Ik kan helaas geen Nederlandse boeken laten bezorgen in Oost-Jeruzalem en door corona komt er ook niemand uit Nederland die boeken voor me kan meenemen. Ik heb daardoor in mijn telefoon een lijstje van boeken die ik wil kopen als ik weer in Nederland ben: Al het blauw van Peter Terrin (Patricia vond ik meesterlijk), Toen kwam moeder met een mes en De halfbroer van Nicolien Mizee (na Moord op de moestuin wil ik alles van haar lezen), de bij Van Oorschot verschenen wandelboeken van Thomas Rosenboom en Marjoleine de Vos, de nieuwe roman van Robbert Welagen als die uit is, De zoete inval van L.H. Wiener, Oscar Wilde’s Ballade van Reading Gaol in de vertaling van Maarten Asscher, Wij slaven van Suriname van Anton de Kom (na het lezen van een mooi stuk erover van Margriet de Koning Gans in Hollands Maandblad) en Niet ik van Yolanda Entius. Op mijn e-reader las ik Schoonheidsdrift van Arie Storm en dat boek vond ik, net als zijn vorige roman, erg goed. Ik vind het te merken dat hij zich alleen nog maar op het schrijven richt.
– De manier waarop je je recente standplaatsen New York en Israël in je boeken hebt verwerkt, in combinatie met een soms weemoedig gevoel van terugkijken en gemiste kansen, doen denken aan het werk van F. Springer. Dit impliceert dat er nog een keer een Israëlische roman aan zit te komen. Wat kunnen wij van jouw hand verwachten de komende tijd?
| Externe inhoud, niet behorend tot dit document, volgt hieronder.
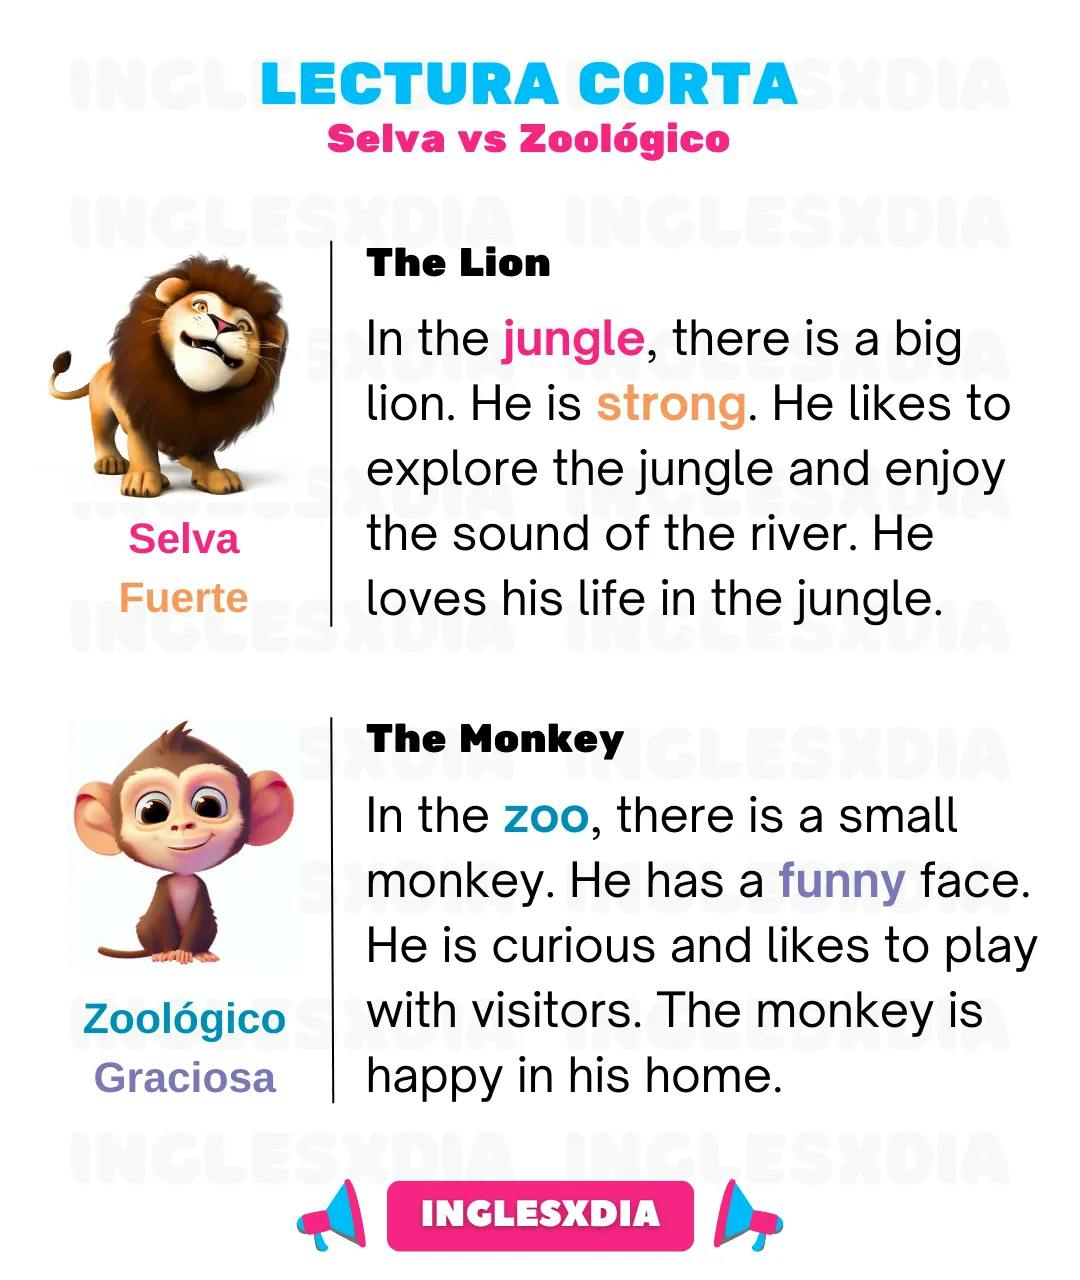 Jungle vs Zoo
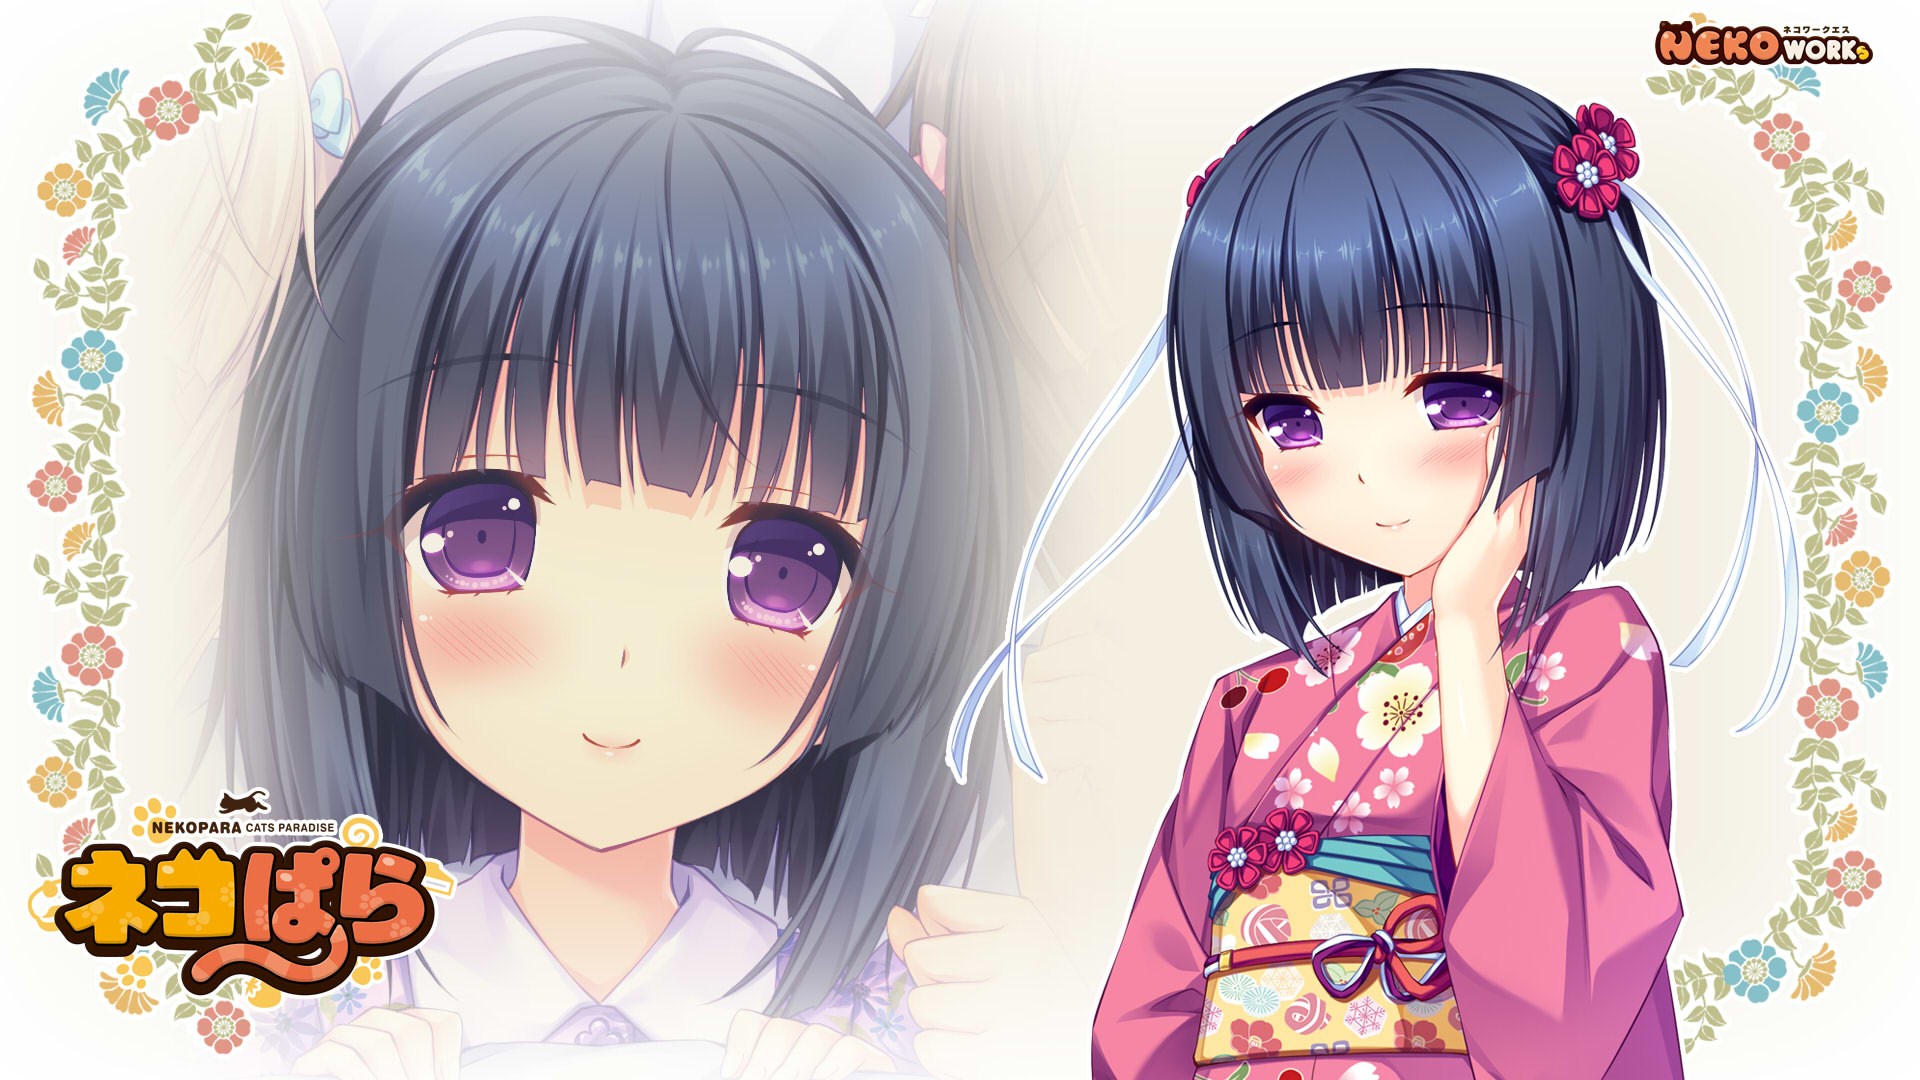 Anime 1920x1080 anime anime girls Nekopara cat girl Japanese clothes kimono smiling looking at viewer shoulder length hair face closeup purple eyes blue hair

Ik ben blij dat ik mijn Jeruzalemervaringen kon verwerken in De Saamhorigheidsgroep. En ik heb nu een aantal Jeruzalemse verhalen geschreven. Maar ik denk, of ik weet eigenlijk wel zeker, dat er geen Israëlisch roman komt. We gaan hier in de zomer ook weg.
Springer vind ik prachtig. Met name Teheran, een zwanezang. Ik kan alleen al erg genieten van die eerste pagina.
– Tot slot, welk advies zou je een beginnend schrijver meegeven?
Begin met het schrijven van verhalen en stuur ze in naar Tirade, Hollands Maandblad, De Gids of De Revisor. En laat je niet ontmoedigen als ze worden afgewezen. Ik heb twee jaar lang alleen maar afwijzingen gekregen van tijdschriften tot er in 2009 ineens een brief van De Gids werd bezorgd, waarin stond dat ze mijn laatste verhaal hadden geaccepteerd. Een tijdje daarna werd er nog eens een verhaal gepubliceerd. En toen kreeg ik een e-mail van een redacteur van een uitgeverij, die schreef dat hij mijn werk wel wilde uitgeven. Ik geloof nog steeds dat dit de manier is om het te doen.